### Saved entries

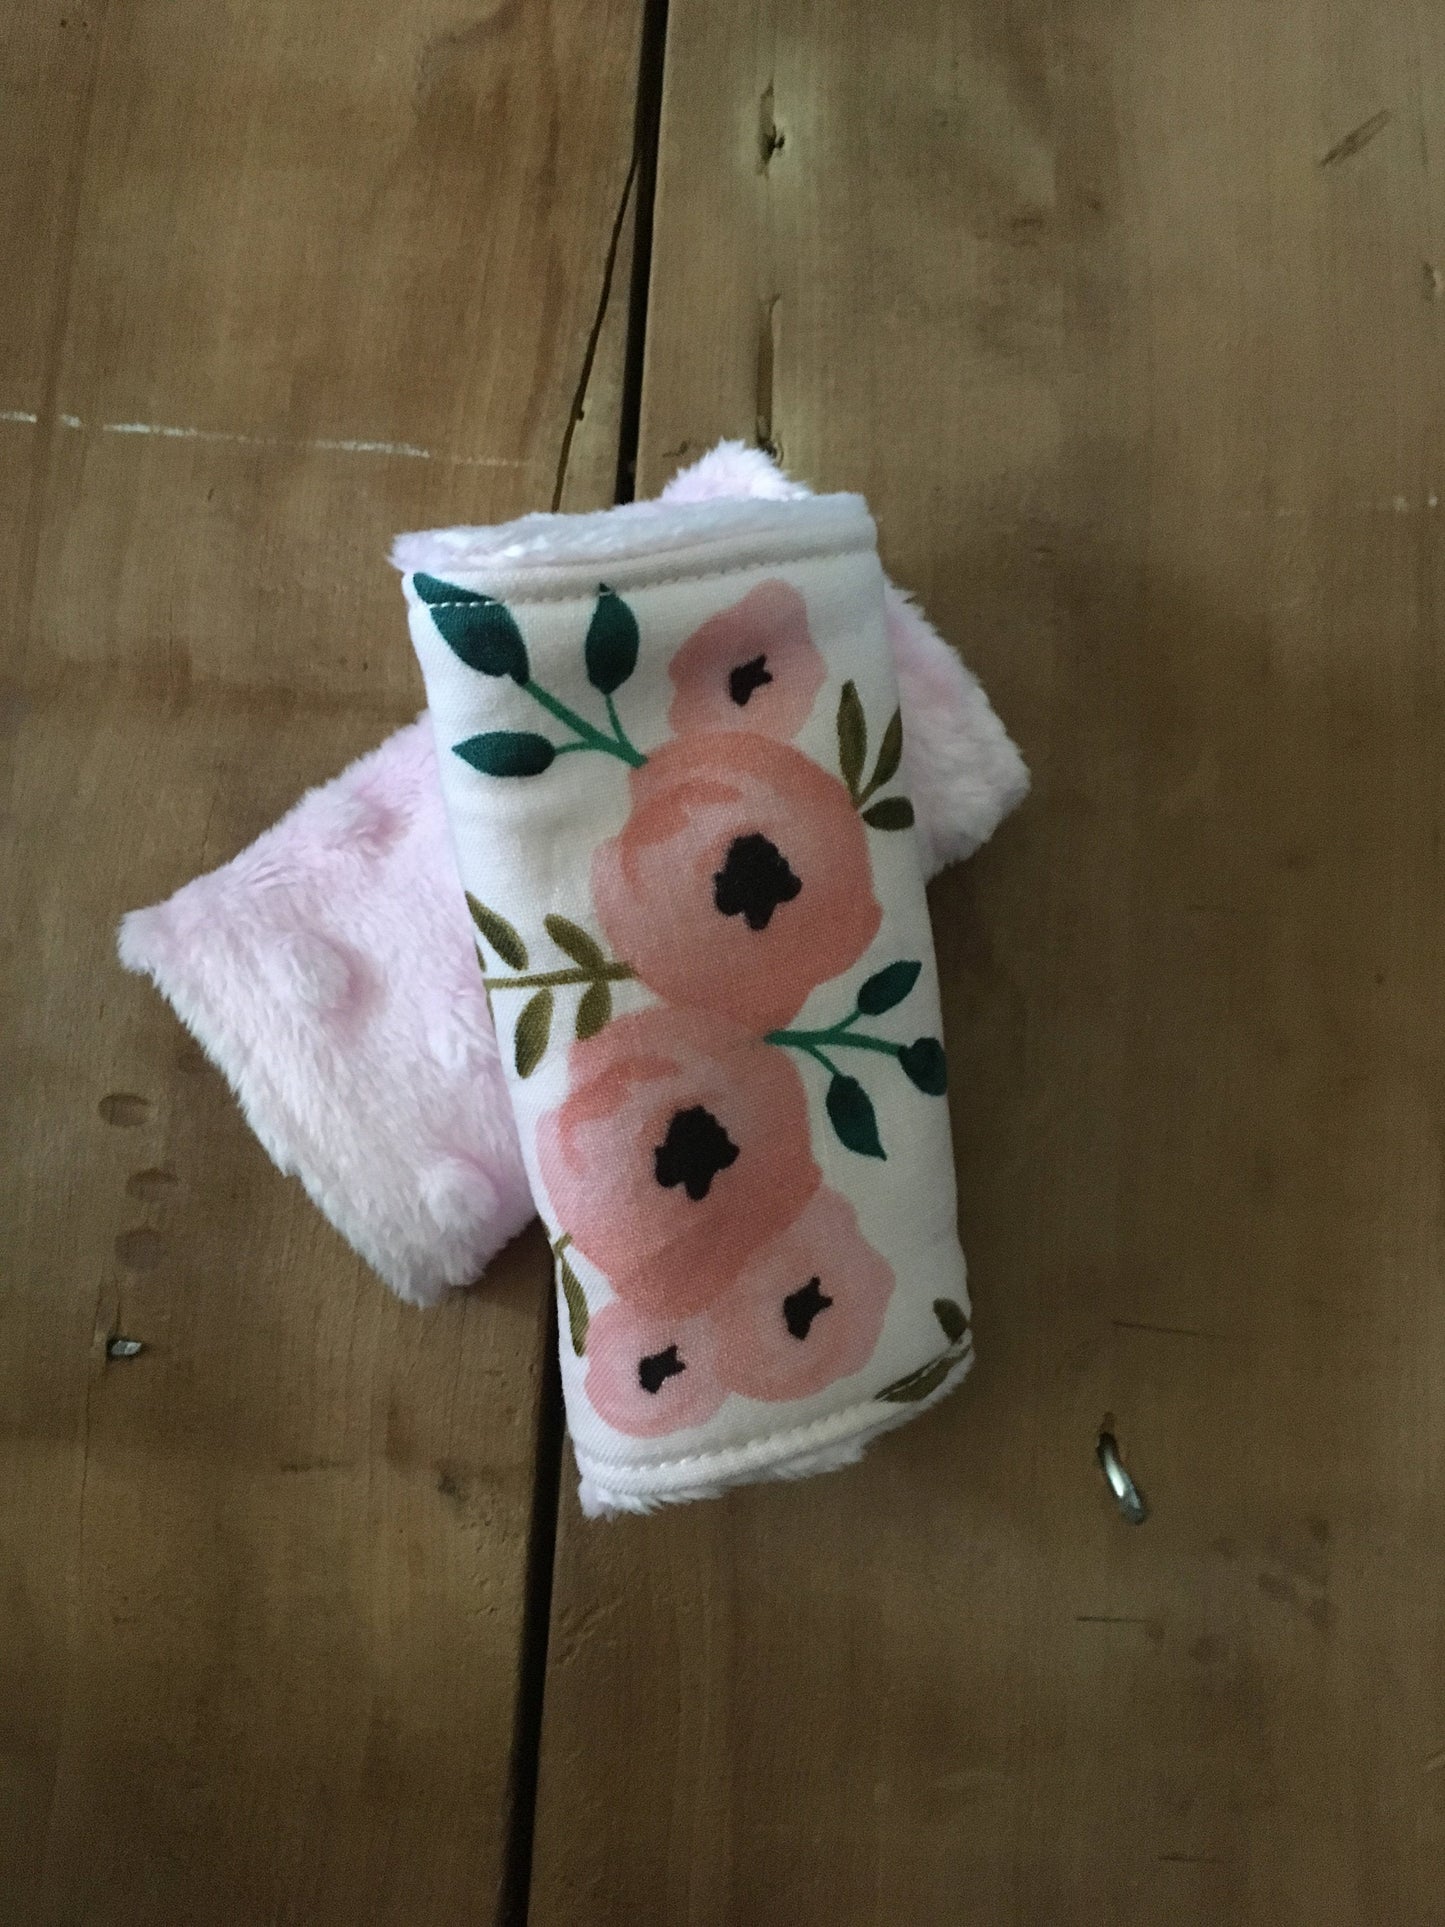 Pink Floral Seat Belt Covers for Kids, Gift for Toddler Girls
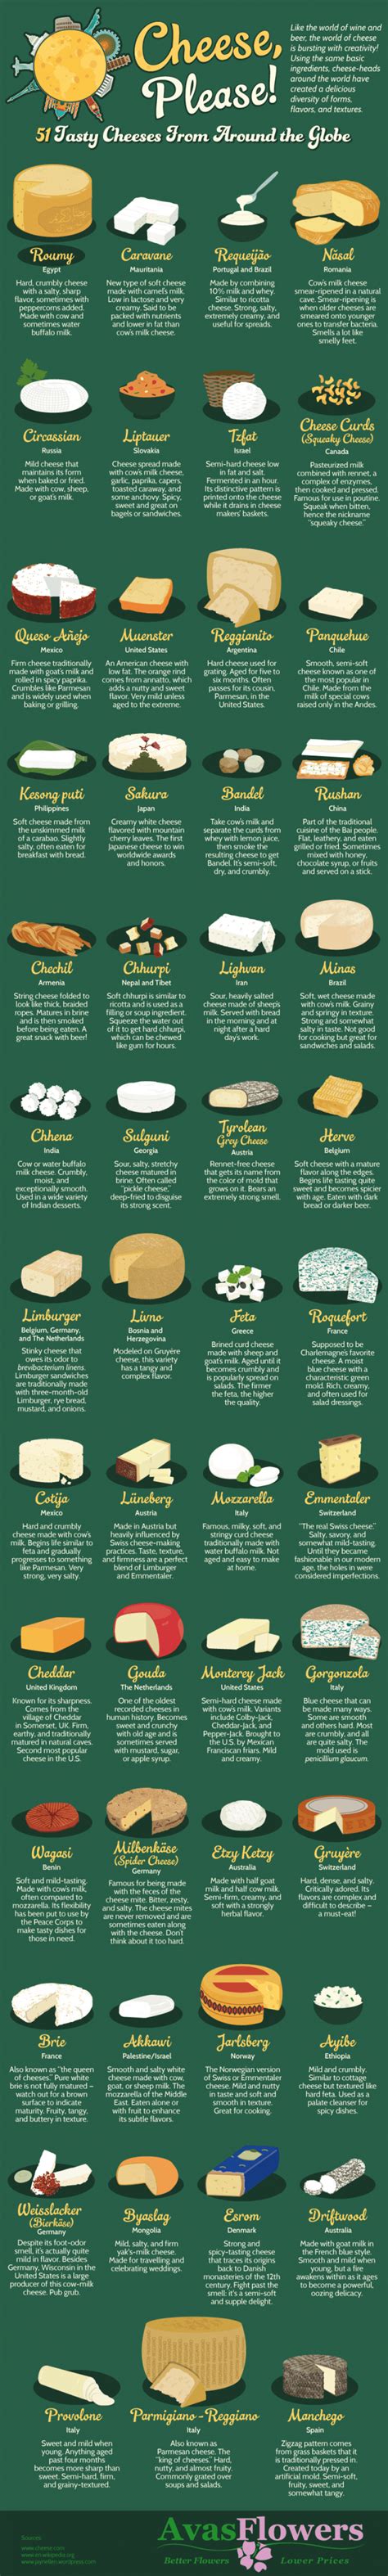 Its All Gouda 51 Cheeses From Around The Globe Daily Infographic
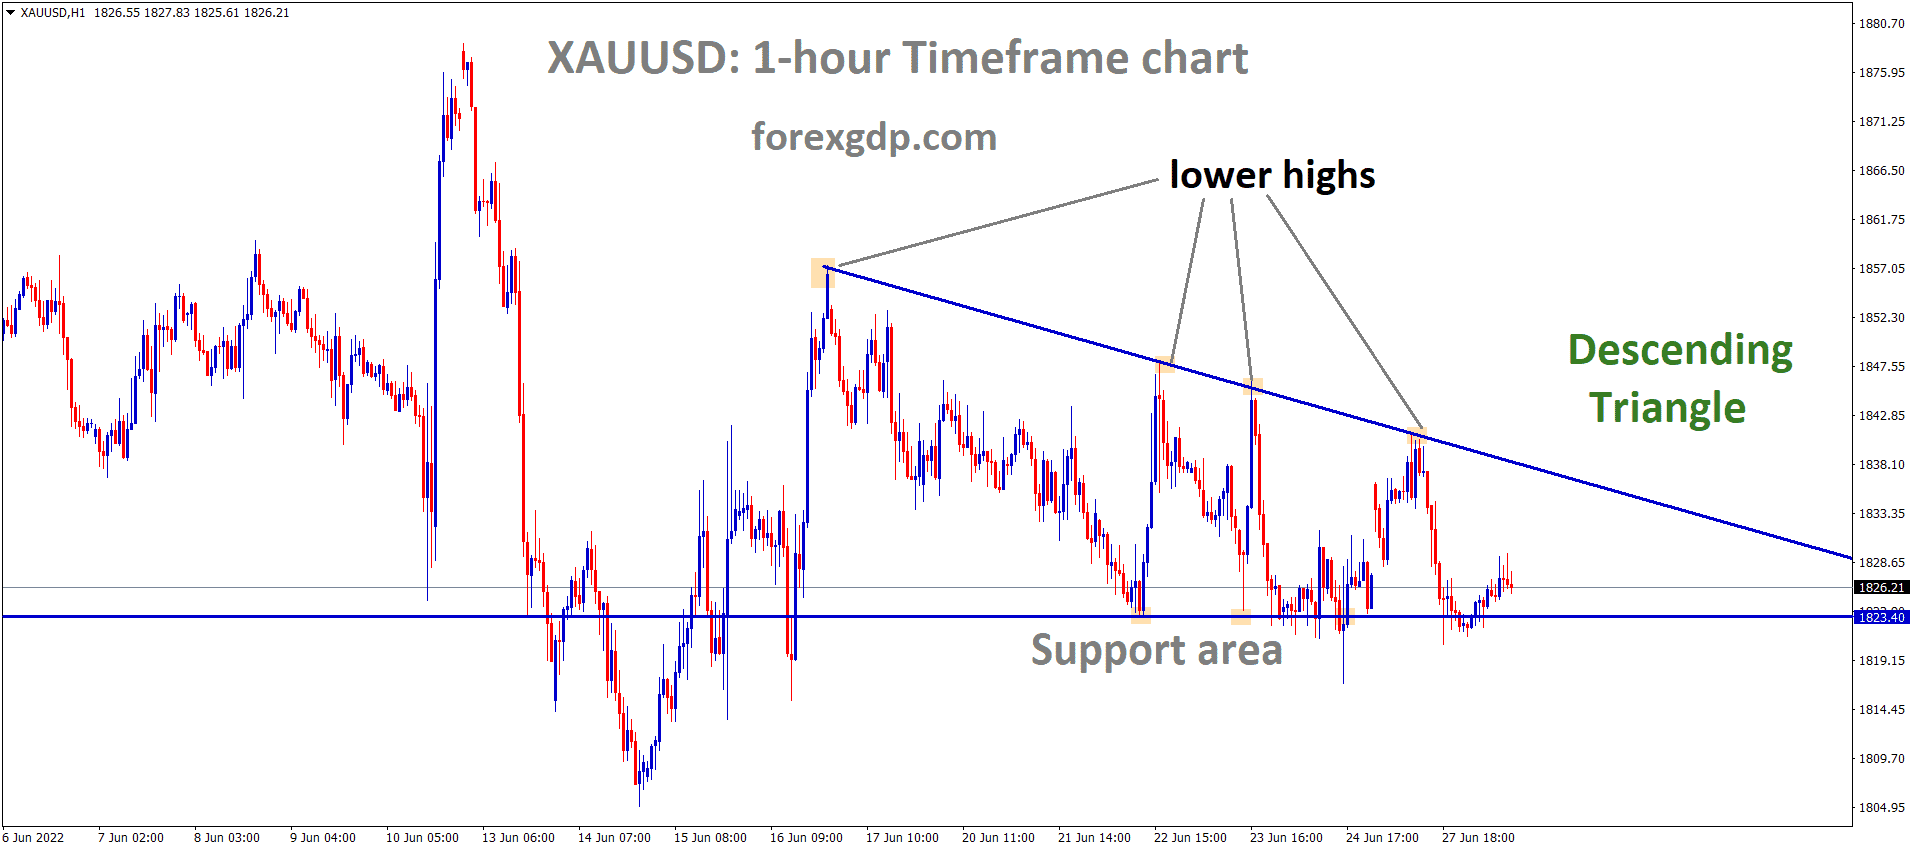 XAUUSD Gold price is moving in the Descending triangle pattern
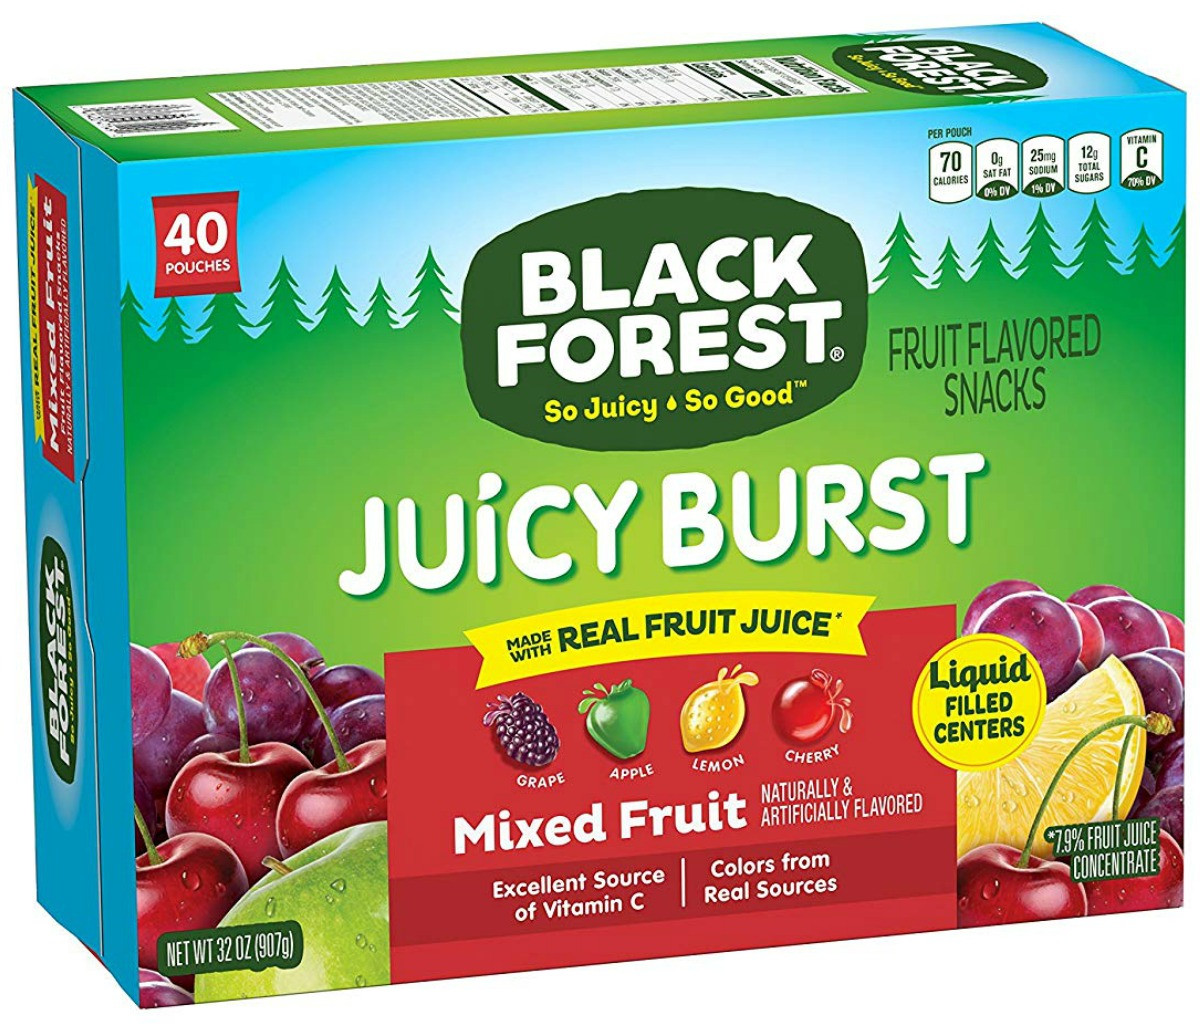 Black Forest Juicy Burst Fruit Snacks 40-Count $5.66 Shipped.
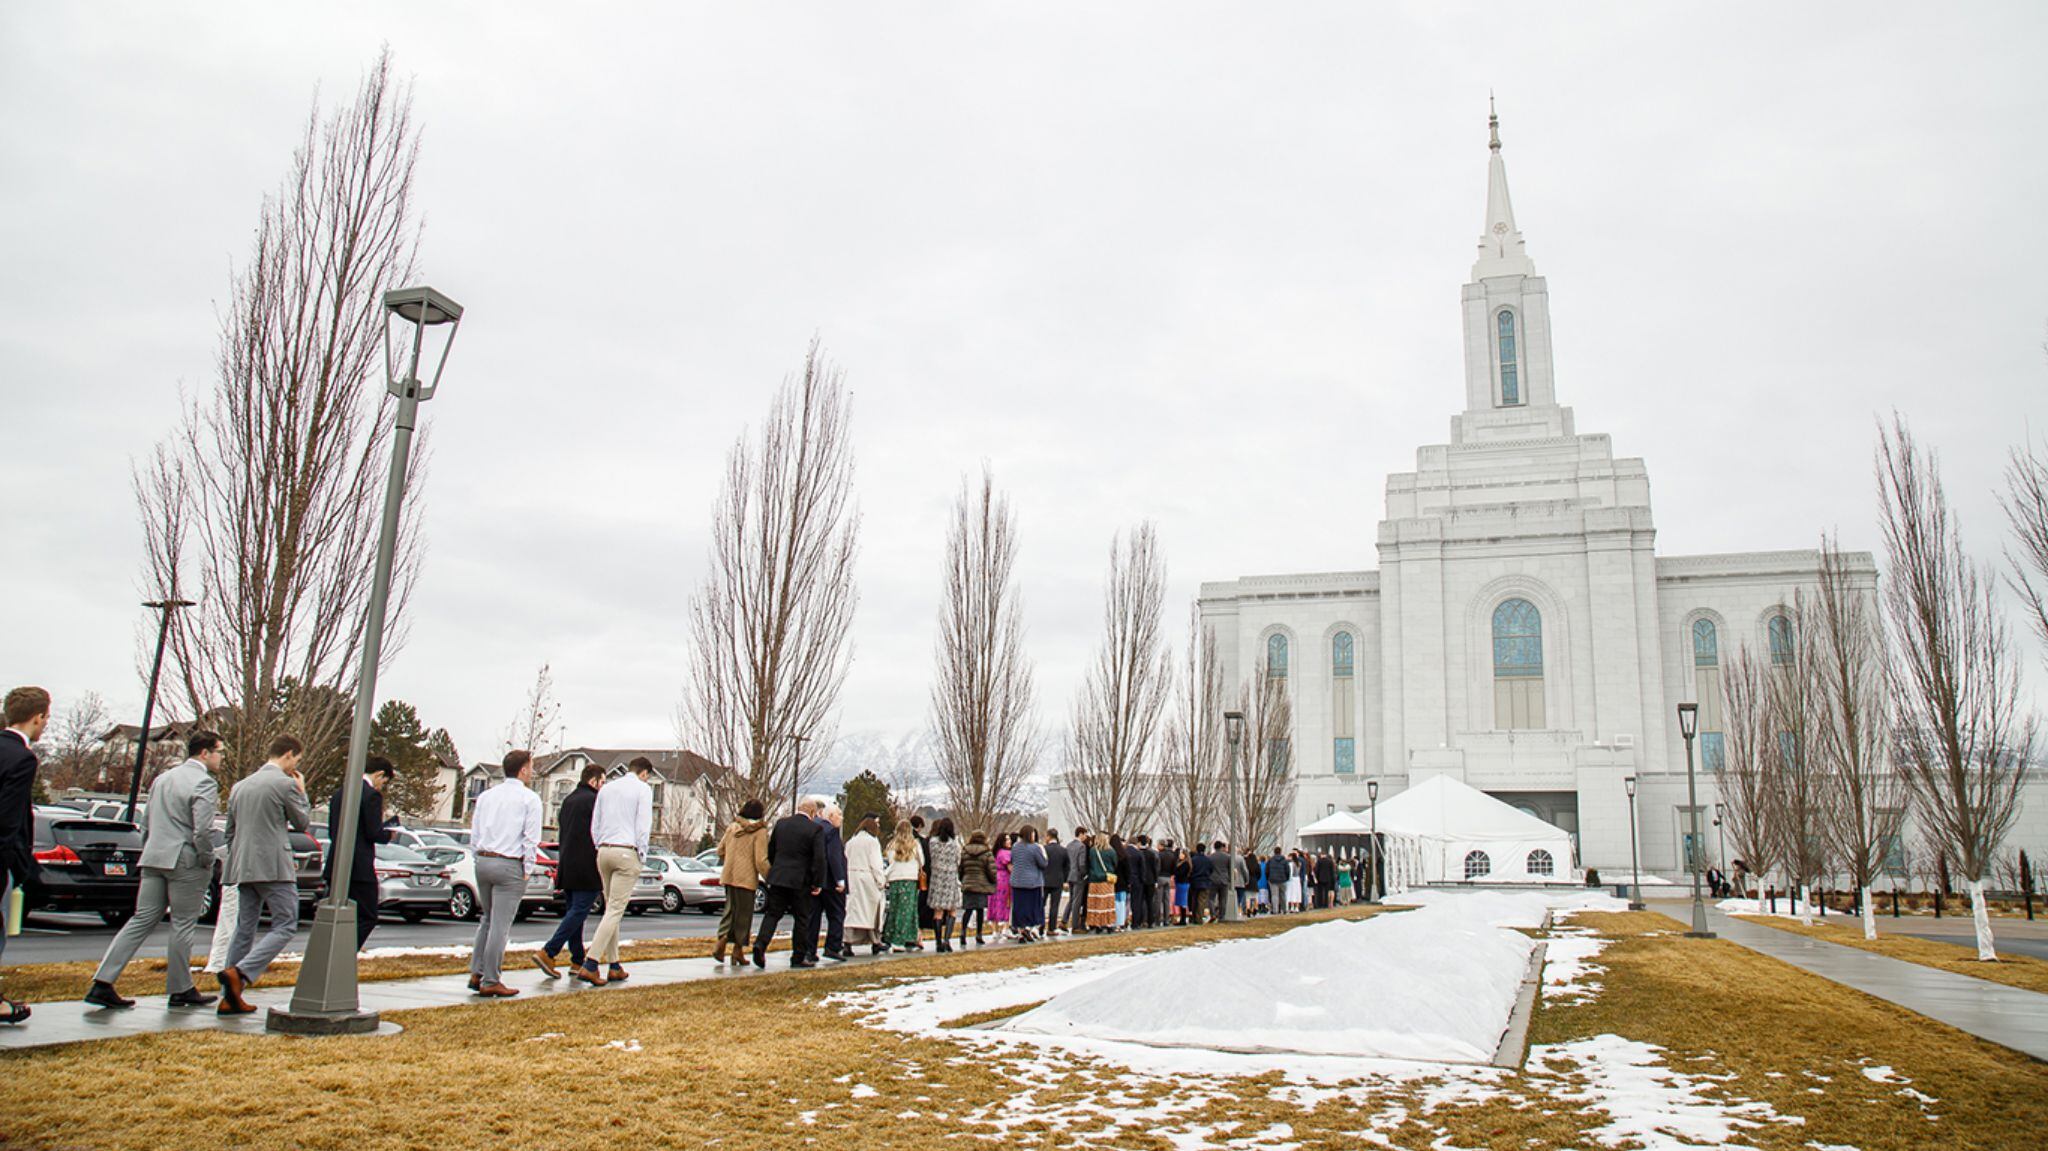 (The Church of Jesus Christ of Latter-day Saints) The Orem Temple was dedicated on Sunday.

### To do
Reproduce every record exactly; images stay out.

### Output below
 Pink Floral Seat Belt Covers for Kids, Gift for Toddler Girls
 Its All Gouda 51 Cheeses From Around The Globe Daily Infographic
 XAUUSD Gold price is moving in the Descending triangle pattern
 Black Forest Juicy Burst Fruit Snacks 40-Count $5.66 Shipped.
 (The Church of Jesus Christ of Latter-day Saints) The Orem Temple was dedicated on Sunday.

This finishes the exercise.